Watch with skepticism. For CML alone, vodobatinib is most plausibly a regional asset - likely approvable in India and emerging markets, unlikely to displace asciminib or ponatinib in the US. The late-line refractory CML US addressable population is small - roughly 5,000-8,000 patients at 3+ prior TKI lines - and asciminib already occupies that space. The DLB signal worth tracking is whether SPARC or Georgetown initiate a larger powered efficacy trial off the back of the Pagan 2025 fall-reduction signal; the published Phase 2 (NCT03996460) terminated early at N=29 with no clinical efficacy endpoint, so the biomarker/safety data are hypothesis-generating rather than disposing [3][4]. Catalysts to track: (1) any SPARC announcement of a vodobatinib US NDA filing or licensing partner for CML; (2) a powered DLB or Parkinson's follow-on trial; (3) longer-term durability data on the Phase 1/2 CML cohort.
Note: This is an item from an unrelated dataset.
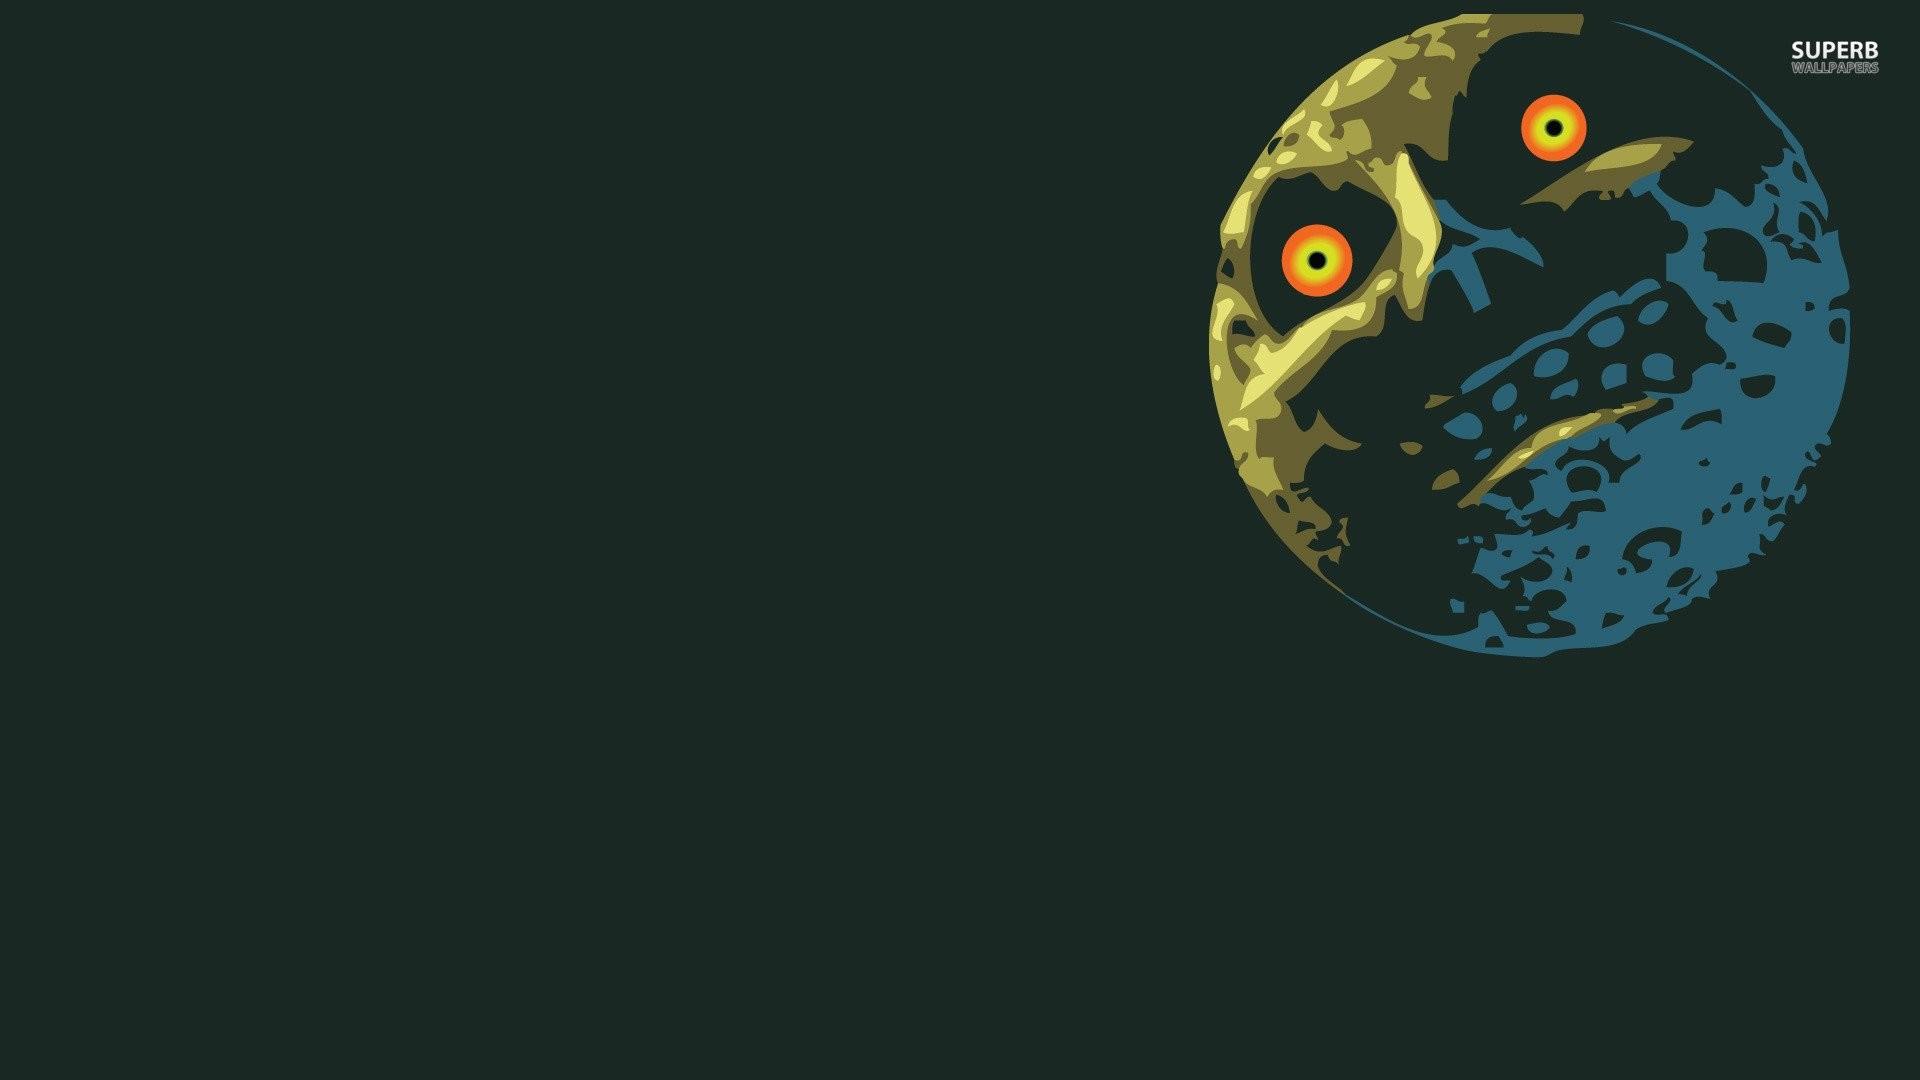 Moon – The Legend Of Zelda Majora's Mask

For investors tracking the asset directly, SPARC trades separately on Indian exchanges (NSE/BSE: SPARC) [5]; for parent-company exposure, Sun Pharmaceutical Industries trades on Indian exchanges (NSE: SUNPHARMA) and has an OTC US ADR (SMPQY) - note that SMPQY US-ADR liquidity and listing status should be confirmed before trading. Vodobatinib is not material to consolidated Sun Pharma - the parent runs on generics and specialty derm - but it is a window into whether SPARC can convert internal R&D into approved products outside the generics core.